ShardedIndex has a ScalableBloomFilter that tracks all keys across all shards. This allows O(1) rejection of non-existent keys in get(), contains(), and count():

graph TD
    Q["get(key)"] --> BF{"Bloom filter<br/>contains(key)?"}
    BF -->|"Definitely no"| NONE["Return None"]
    BF -->|"Maybe yes"| AS{"Active shard<br/>contains(key)?"}
    AS -->|"Yes"| RA["Return from active"]
    AS -->|"No"| VS{"View shards<br/>(iterate)"}
    VS -->|"Found"| RV["Return from view shard"]
    VS -->|"Not found"| NONE2["Return None"]

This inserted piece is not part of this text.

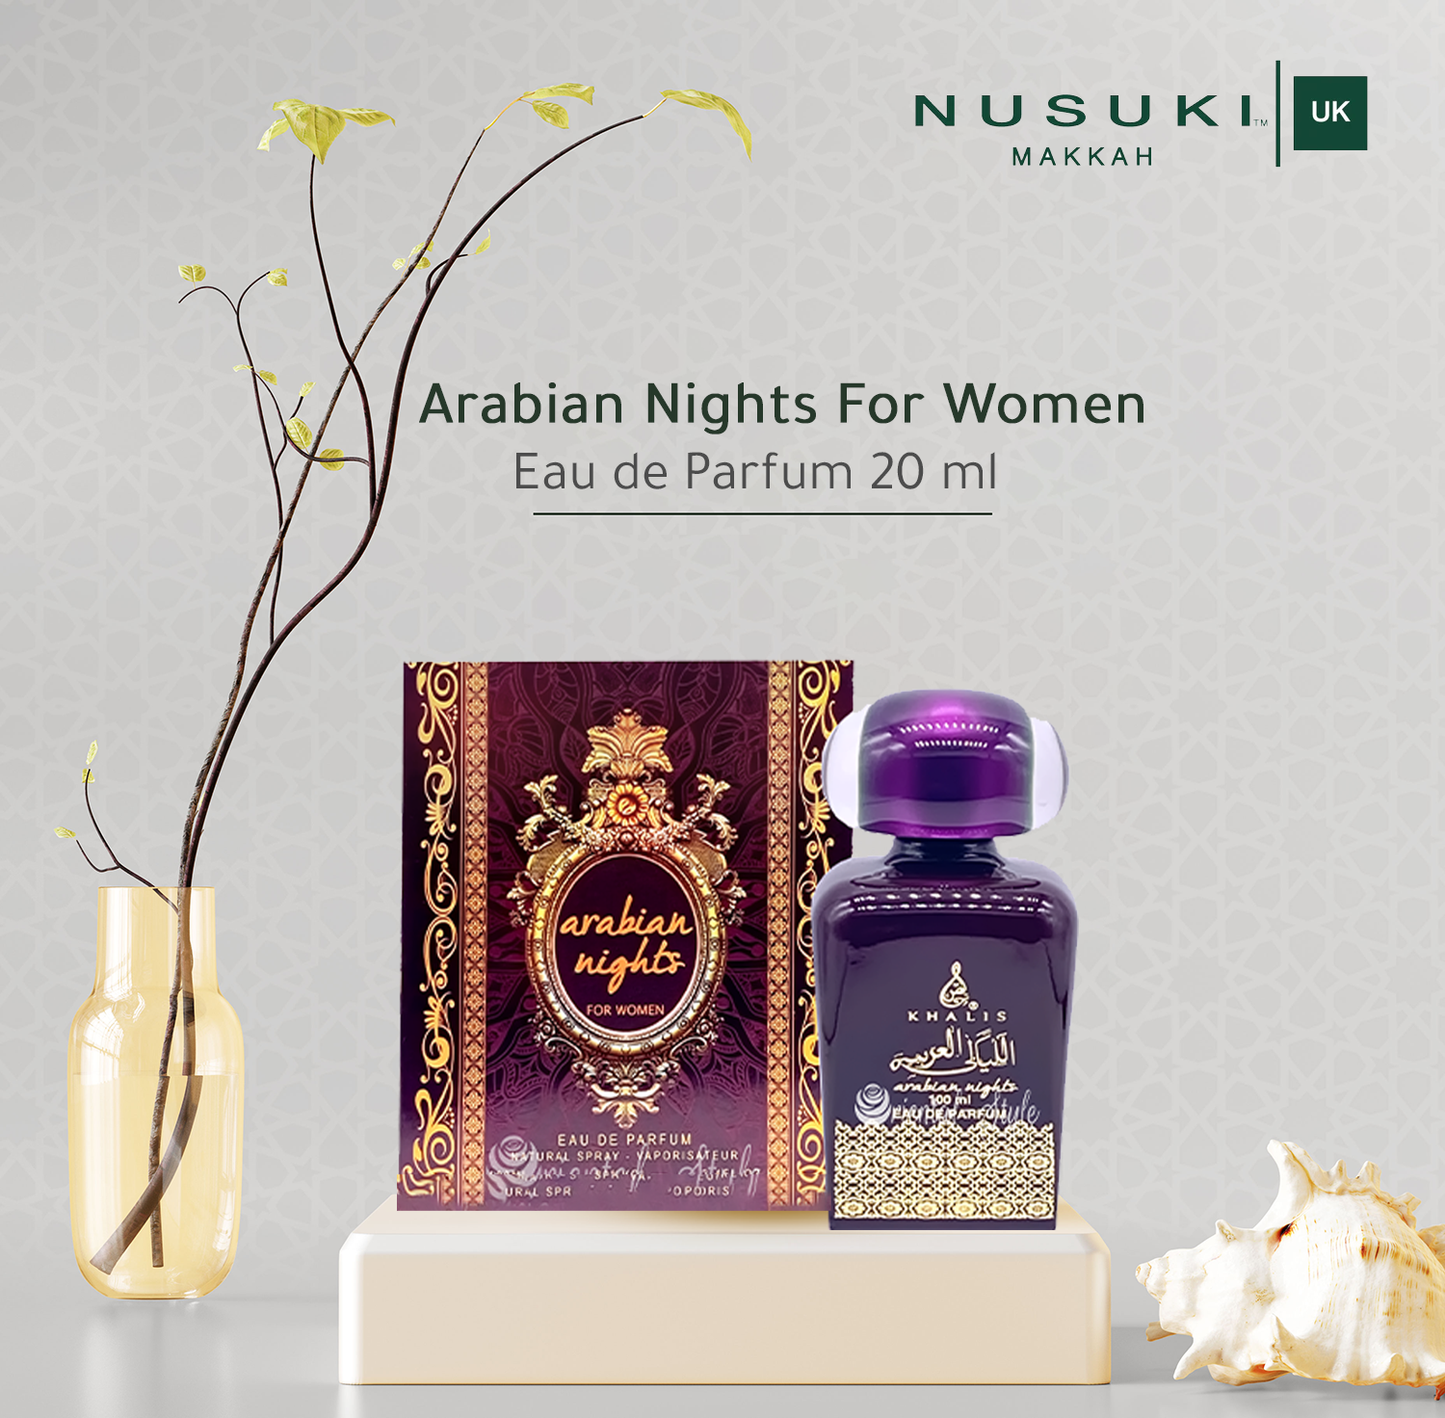 Arabian Nights For Women

Without the bloom filter, every key lookup must query each shard sequentially. With the bloom filter, keys that don't exist are rejected instantly.

The bloom filter is:

  • Persisted alongside shard files as bloom.isbf.
  • Updated automatically when vectors are added.
  • Rebuilt via rebuild_bloom() if corrupted or missing.

Search fan-out

Each search query fans out across all shards, then results are merged. View shards are searched via USearch's Indexes class (which may parallelize internally), and the active shard is searched separately. The two result sets are then combined:

  1. Query all view shards (via Indexes.search()).
  2. Query the active shard.
  3. Merge results using vectorized NumPy operations (concatenate, argsort, advanced indexing).
  4. Return top-k results sorted by distance.

Trade-offs

Factor Fewer shards (large shard_size) More shards (small shard_size)
Query latency Lower (fewer shards to search) Higher (more shards to merge)
Add throughput Degrades as shard fills Stays consistent (frequent resets)
Memory usage Higher (large active shard in RAM) Lower (small active shard)
Disk I/O Less frequent rotation More frequent rotation

The default shard_size of 1 GB is a reasonable starting point for most workloads. Tune it based on your read/write ratio -- see Performance for benchmark data.

Append-only design

ShardedIndex is append-only:

  • No remove(): view shards are read-only and USearch does not support efficient single-key deletion from memory-mapped files.
  • No clear() / reset(): would require coordinating across multiple shard files.
  • No copy(): would require deep-copying multiple memory-mapped files.

This keeps the implementation simple and predictable. If you need updates, use NphdIndex with upsert() (single-file only).